# Public footpaths across fields



## hadleigh (8 June 2007)

Furter to the pony being killed by dogs post. I have footpath right through the middle of my fields. There are stiles for people to get acroos the fences which are kept well maintained and free from vegetation and stuff so perfectly usable. I had my top field sprayed this morning so closed and tied both gates into it to keep the horses out. When I went to catch one of my horses one of the gates was open and he was happily grazing away on the sprayed field!! I am furious...some lazy bum couldn't be bothered to climb over the stile so opened the gate instead. He seems OK so will hopefully have no problems. The gate is now tied up with a ton of bale string so they'll need a machete to get it open now!!


----------



## pixie (8 June 2007)

Why don't you put a sign up on the gates giving a reason for the field being closed.  I wouldn't want to be walking in a freshly sprayed field...


----------



## airedale (8 June 2007)

I'd fence either side of the line of the footpath and leave the footpath the required width of 2m and then make sure that the walkers stick to the path

it is now FAR too dangerous to leave footpaths across open land as either:

a: the muppets will do the sort of thing you've posted and your livestock or horses will end up dead

b: the horses or livestock will injure the muppets and they'll sue the pants off you for millions of quid

I had my horses in a field with a footpath once

I fenced either side and then I further used electric fencing to keep the horses 8 ft away from the fenced footpath so the muppets couldn't feed the horses anything and so that hopefully any litter they threw wouldn't end up in reach of the horses

I now will never ever ever own or use any land with any public right of way across it. I don't care if it's my 'ideal' home - any public access and it's a NO 

I ringfence my property with high fencing to also make sure any 'right to roamers' stay off and the dogs are loose most of the time. multiple dogs !!


----------



## Shilasdair (9 June 2007)

I have an easier solution than crochet with lots of baler twine - buy a bike chain lock with a numeric code - then no one can open it but you...no key required....and in an emergency you can text people the code.
S


----------



## hadleigh (9 June 2007)

My fields are like a T shape. The sprayed field is the biggest one and is the top of the T. The other two run down the leg of the T. Am I explaining myself!!! The footpath runs right across the leg of the T. They have no right to roam we are exempt and should not ever be in the top of the T. To fence off the footpath is too complicated unfortunately. However the chain is a good idea although this is only temporary until the spray has cleared. Thanks guys. PS horsey seem fine so lucky me eh!!


----------



## Orangehorse (9 June 2007)

If you lock the gate you are going to be in trouble with the Council.

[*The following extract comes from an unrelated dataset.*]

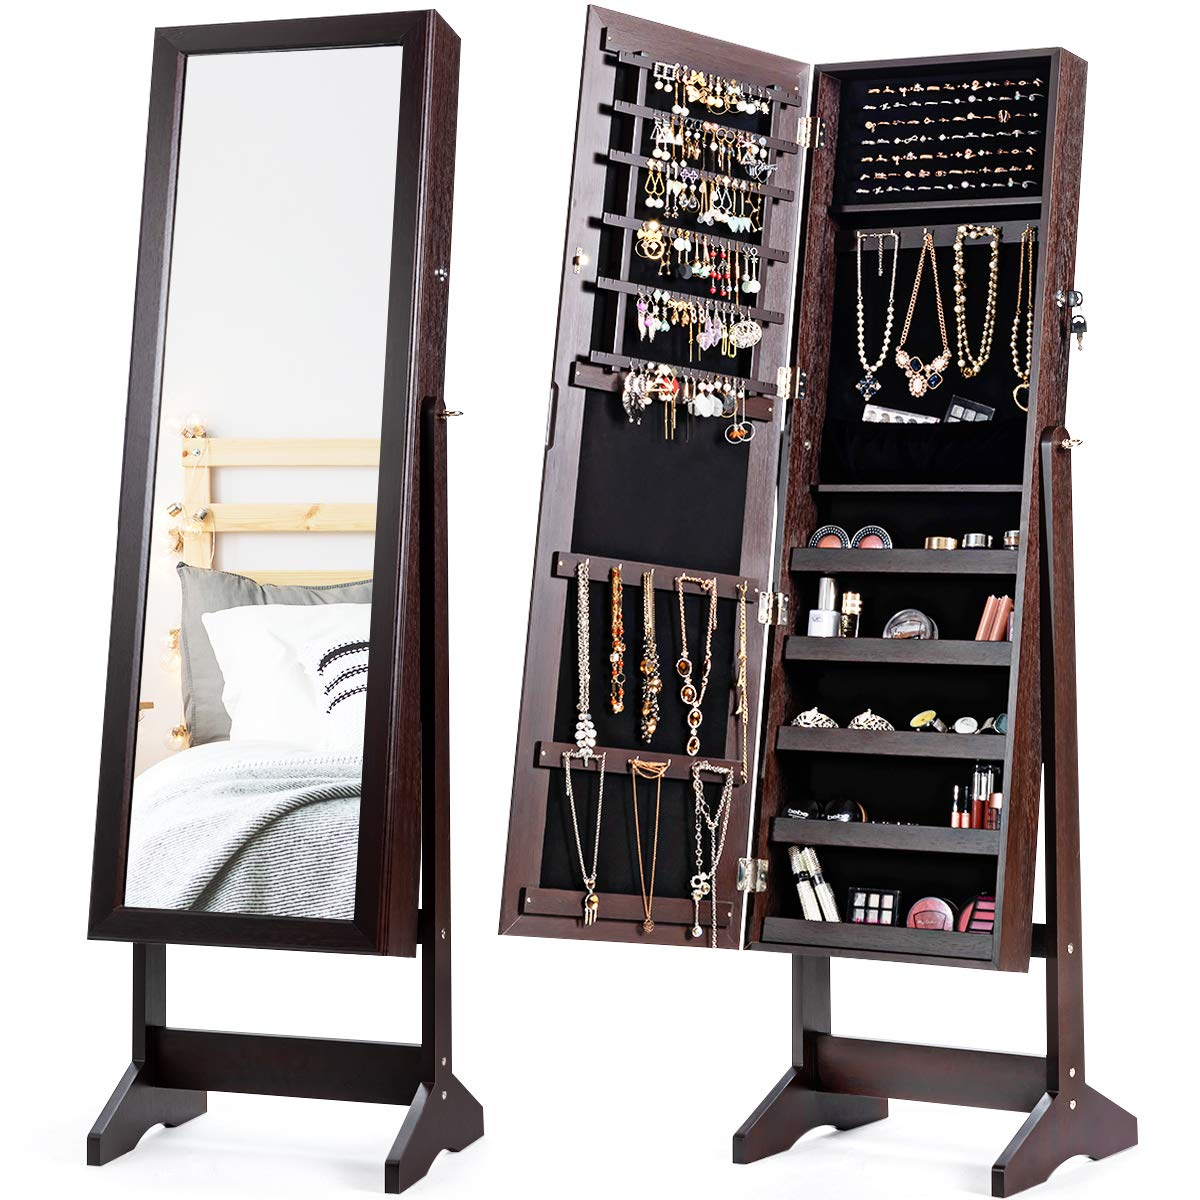 CHARMAID Freestanding Lockable Jewelry Organizer Box with Large Storage Capacity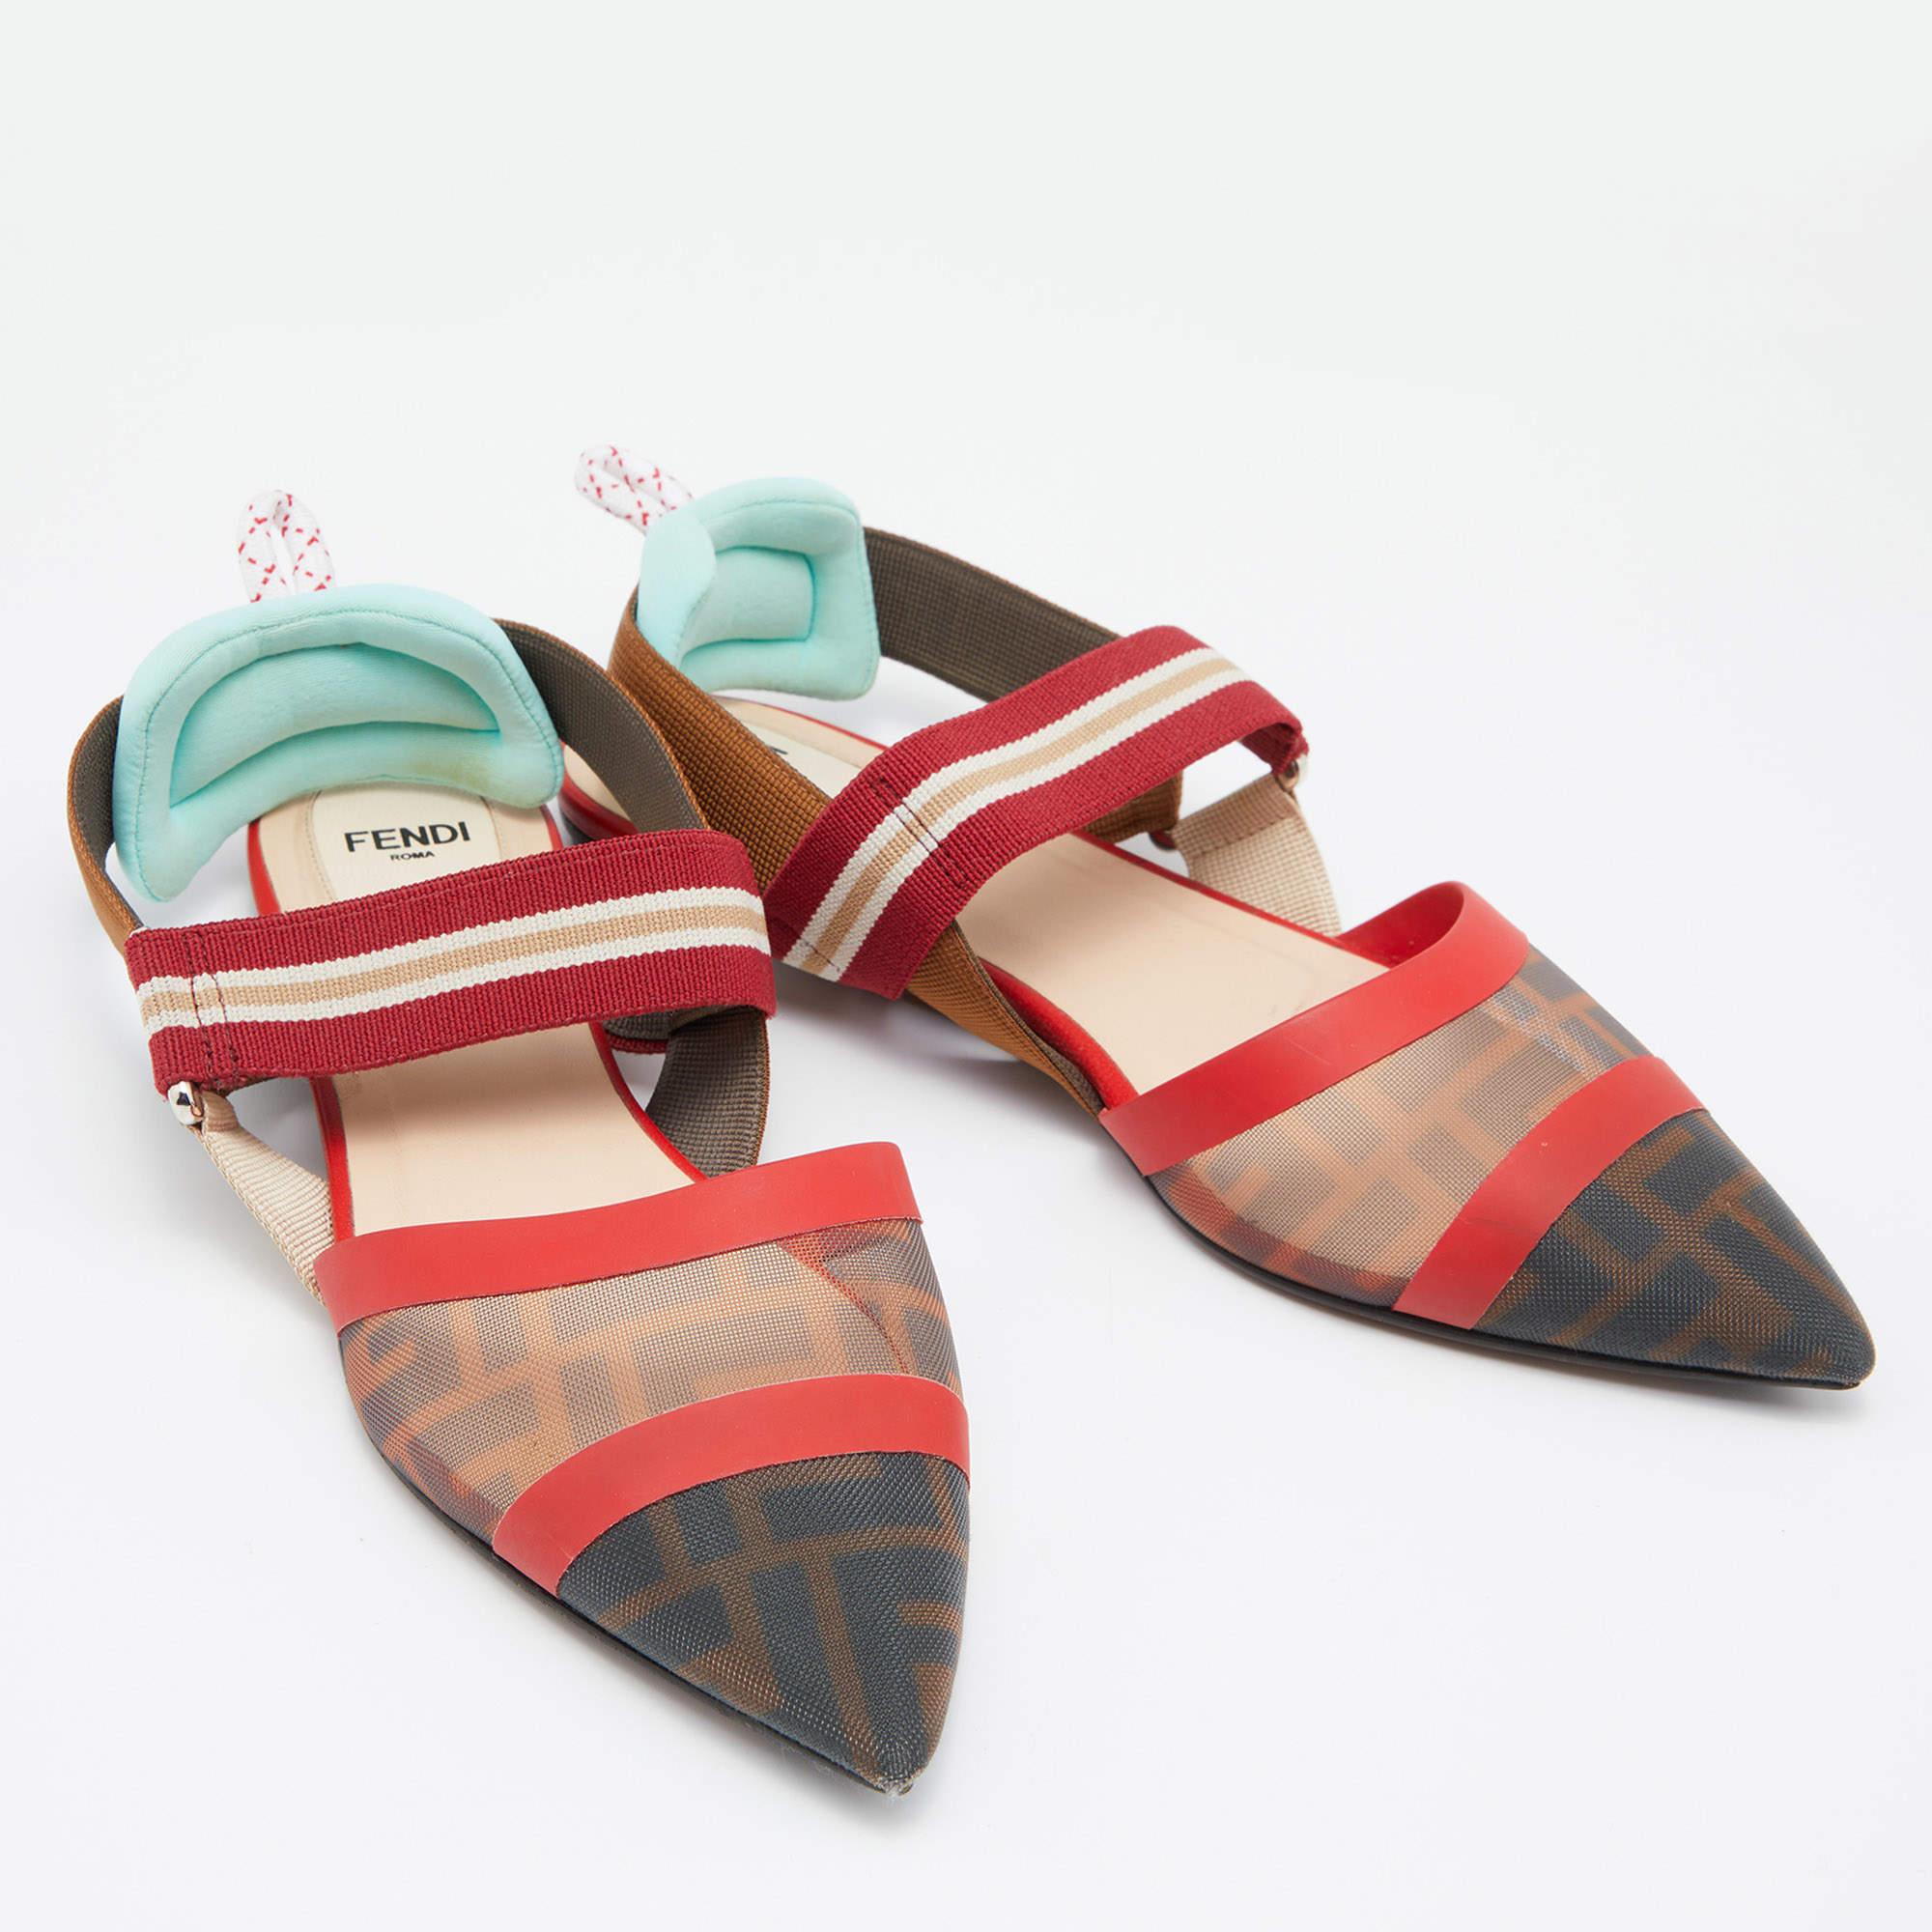 Fendi Multicolor Leather and Mesh Colibri Slingback Sandals Size 37 1

You could try contacting the Council and see if they will supply you with a self-closing gate.  They do work if installed correctly.
The only other thing to do is to fence off the footpath permanently if you have a problem with people leaving gates open.  It is a good idea to put a notice up about the spraying though.

It is extremely annoying when people leave gates open, but there is nothing you can do about a footpath except making a diversion order, which is quite expensive and may be objected to.  You can only divert it on your land anyway, not onto your neighbours!

You may own the field, but you don't own the footpath, which is a highway and public.


----------



## Oneofthepack (9 June 2007)

The owner of the field can lock the gate as long as there is access via the stile to the footpath. If it's a bridleway then the access has to allow horses in but there's no provision in the law that says dogs, the elderly or disabled have to have access to footpaths so the gate can be chained which is what happens round here. I am not a landowner  but I do use the footpaths round here to exercise my dogs and wouldn't dream of leaving gates open, or even entering a field with livestock. These people just give the responsible ones a bad name


----------



## jinglejoys (10 June 2007)

You might be able to get permission to move the path so it goes round the edge of the field then you could fence it off from your hoorses.


----------



## Orangehorse (10 June 2007)

The Council have made us put in a gate where previously there was a stile.  As it happens neither we nor the neighbouring farm have any livestock in the adjoining fields at the moment, but I was very puzzled about this.  Because at either end of the footpath access is via a stile!  

As it happens the gate is much easier to erect that a stile as it only needs 2 holes, the stile needs 4.


----------



## sillygillyhorse (10 June 2007)

My parents have land with a public footpath running across it.  Rights of Way chap from the Council had no problem with locked gates as long as there was a stile, best thing was the Council were prepared to pay for putting a stile in!


----------



## herondell (11 June 2007)

i have a public footpath going across my field and i have kissing gate at each end so far touch wood the walkers have been no trouble and the odd people that i have seen have been good but im going to put a sign up saying all dogs to be kept on a lead because i will have 2 foals born soon.


----------



## hadleigh (11 June 2007)

I Can lock the gate should I choose to because the footpath does not go into that field. I have done the old sign on the stile thing before and it's the same old story. Responsible people respect your property and animals and the twonks do their own thing and end up having a shouting match with me. By the way I always win 'cos I tell them there are cameras on the field and they are being filmed (which there are). They soon shut up and leave!!


----------